Power is the probability your test will correctly reject the null hypothesis when there really is an effect. Beta (β) is the false-negative rate, the probability you’ll miss a real effect. Power is just 1 - β.

The convention is to aim for 80% power, which means you’re willing to miss real effects 20% of the time. That’s a lot, by the way. One in five real wins gone, just like that.

Power depends on four things:

  • The alpha you set (lower alpha = stricter = less power)
  • The effect size you’re trying to detect (smaller effects need more data)
  • The sample size you have
  • The variance in your metric (noisier metrics need more data)

These trade off against each other. If you can’t increase sample size, you either accept lower power, settle for detecting only larger effects, or relax your alpha.

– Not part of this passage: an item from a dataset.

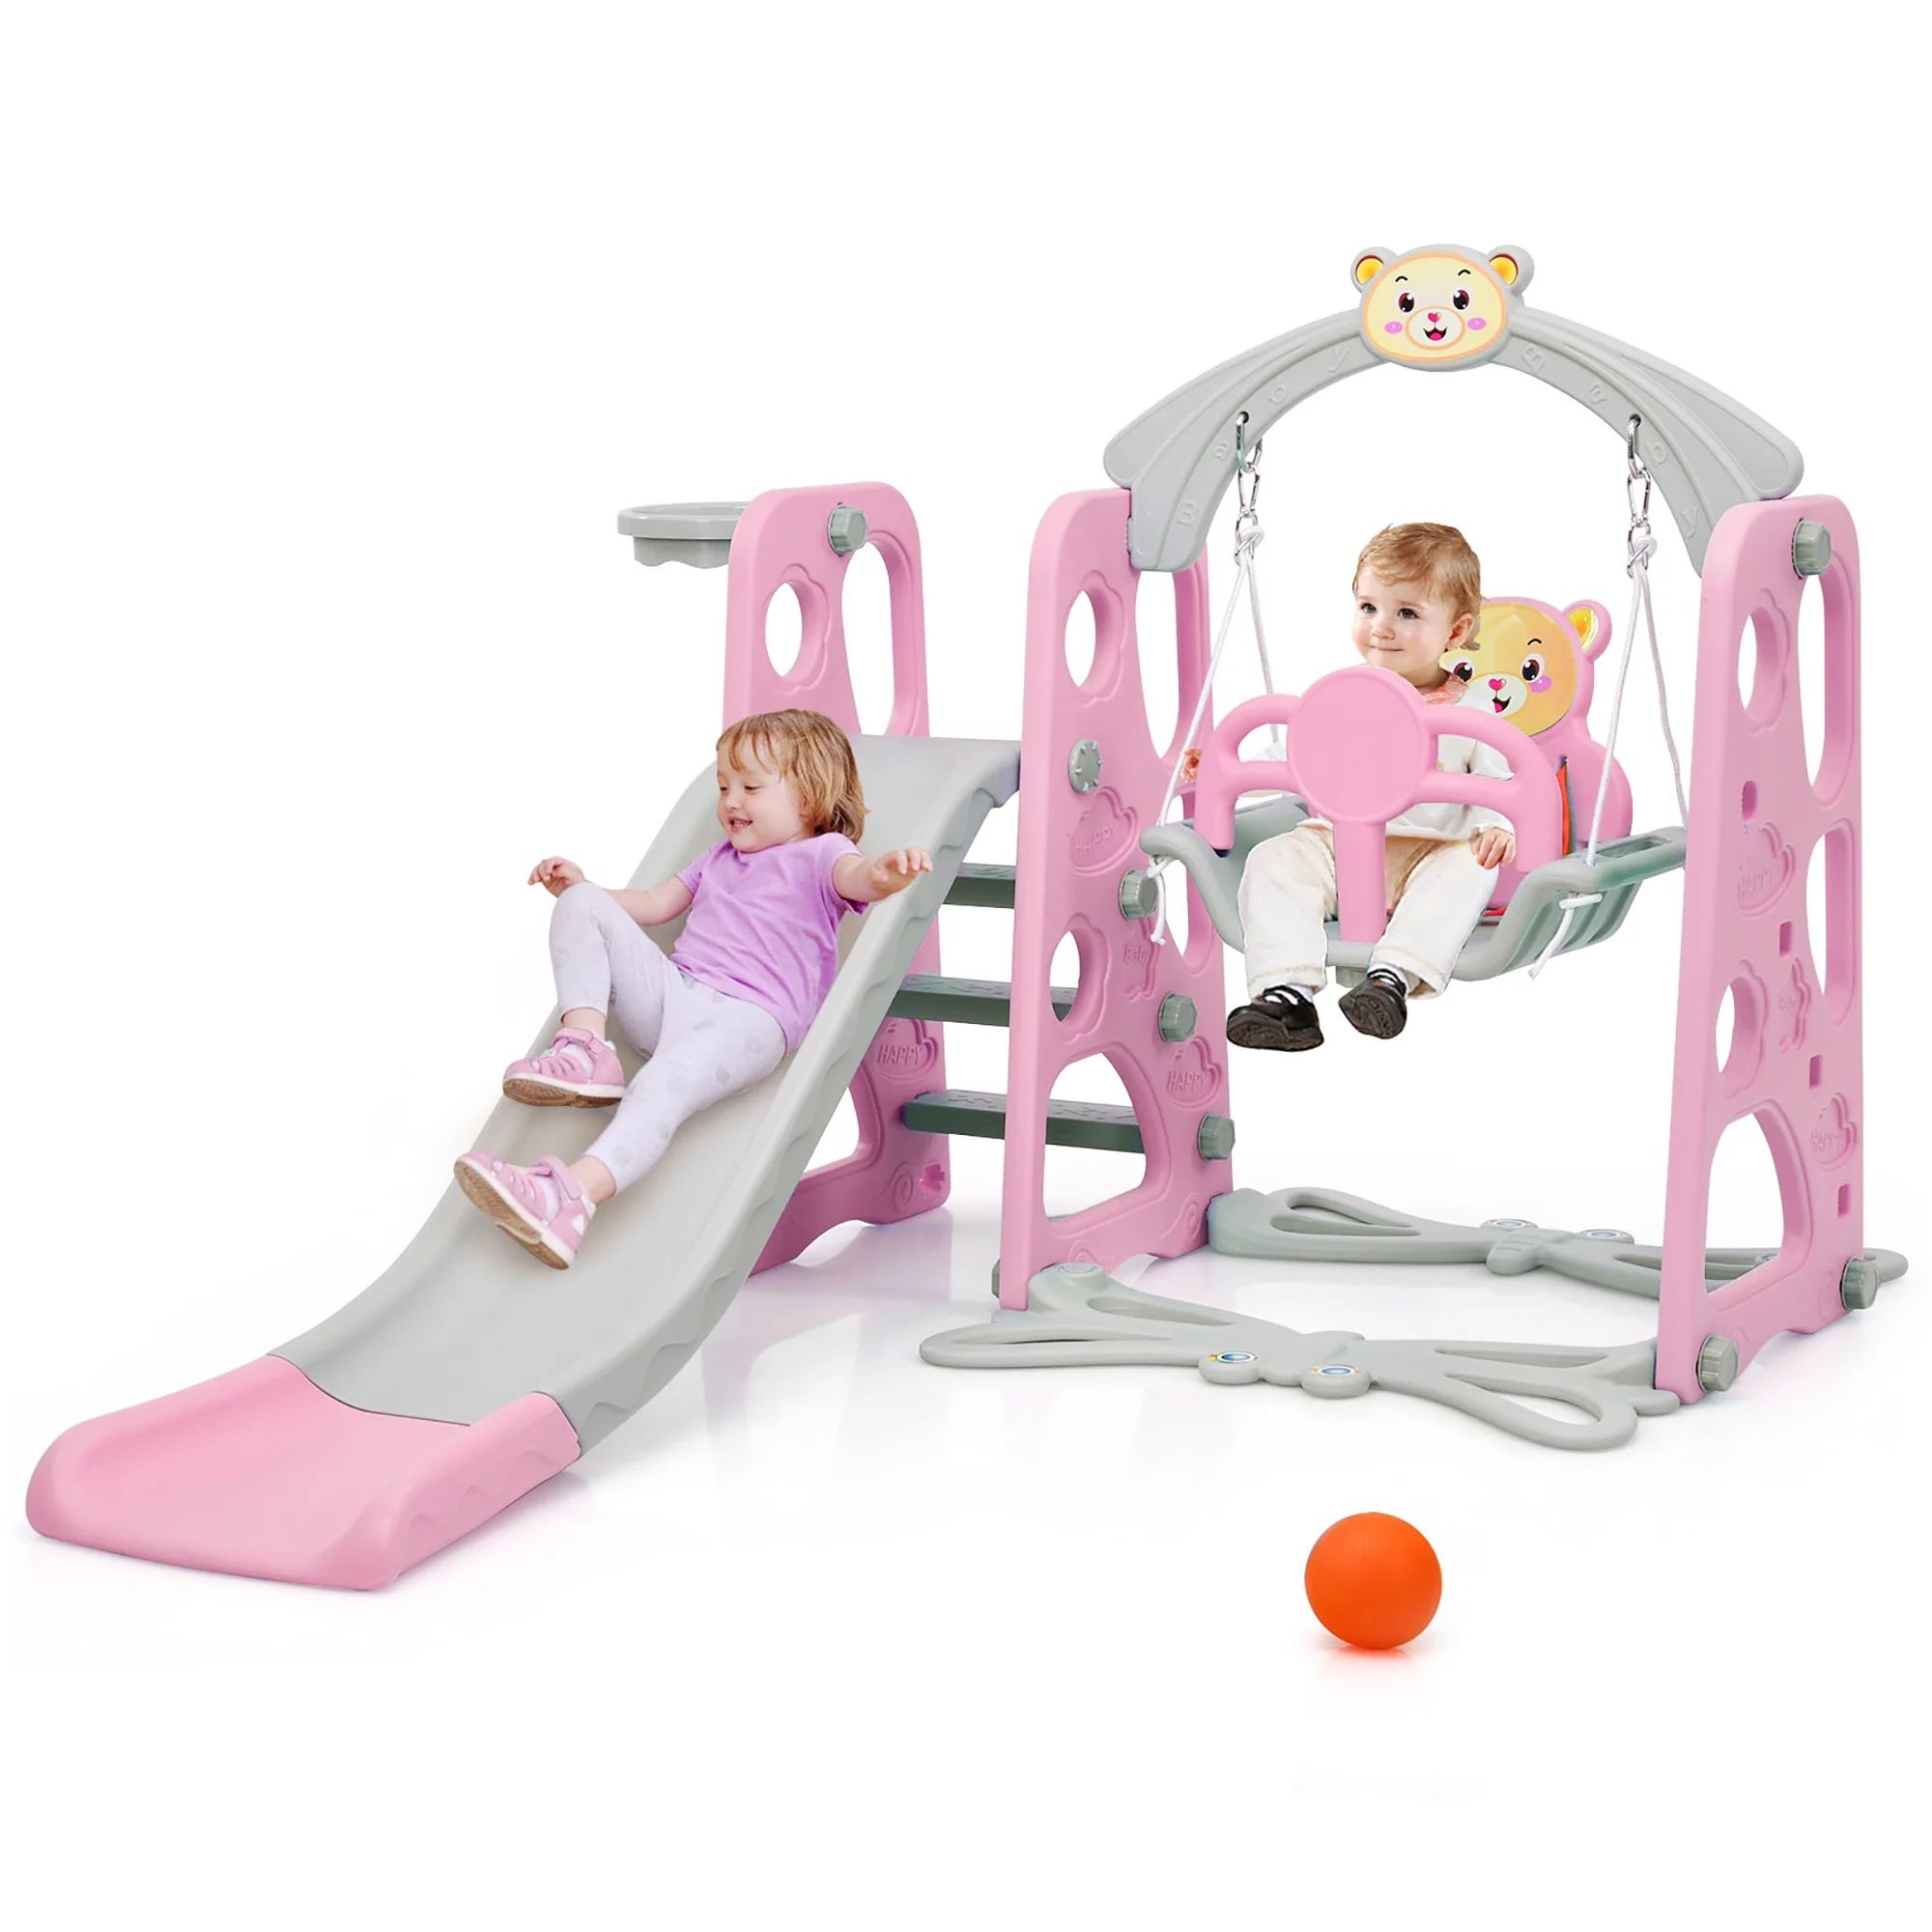 Costway 4-in-1 Toddler Climber and Swing Set w/ Basketball Hoop & Ball Pink | Walmart (US)

Why most CRO programmes are silently underpowered

Section titled “Why most CRO programmes are silently underpowered”

Most Shopify stores don’t have the traffic to run well-powered tests on realistic effect sizes. A store doing 10k sessions a month, testing for a 5% relative lift on a 3% baseline conversion at α = 0.05, needs roughly 200,000 sessions per variant to hit 80% power. That’s about three years per arm, on a calculator that doesn’t even account for weekly seasonality. So instead they run two-week tests, see “no significant difference”, and conclude the change didn’t work. What actually happened is the test couldn’t have detected the effect even if it was there.

I usually run the sample size calc before the test brief is even written. If the answer is “more than a quarter”, we either pick a bigger swing (layouts and offers, not button colours), move the test up the funnel where there’s more volume, or accept we’re running directional tests and lean harder on qualitative research.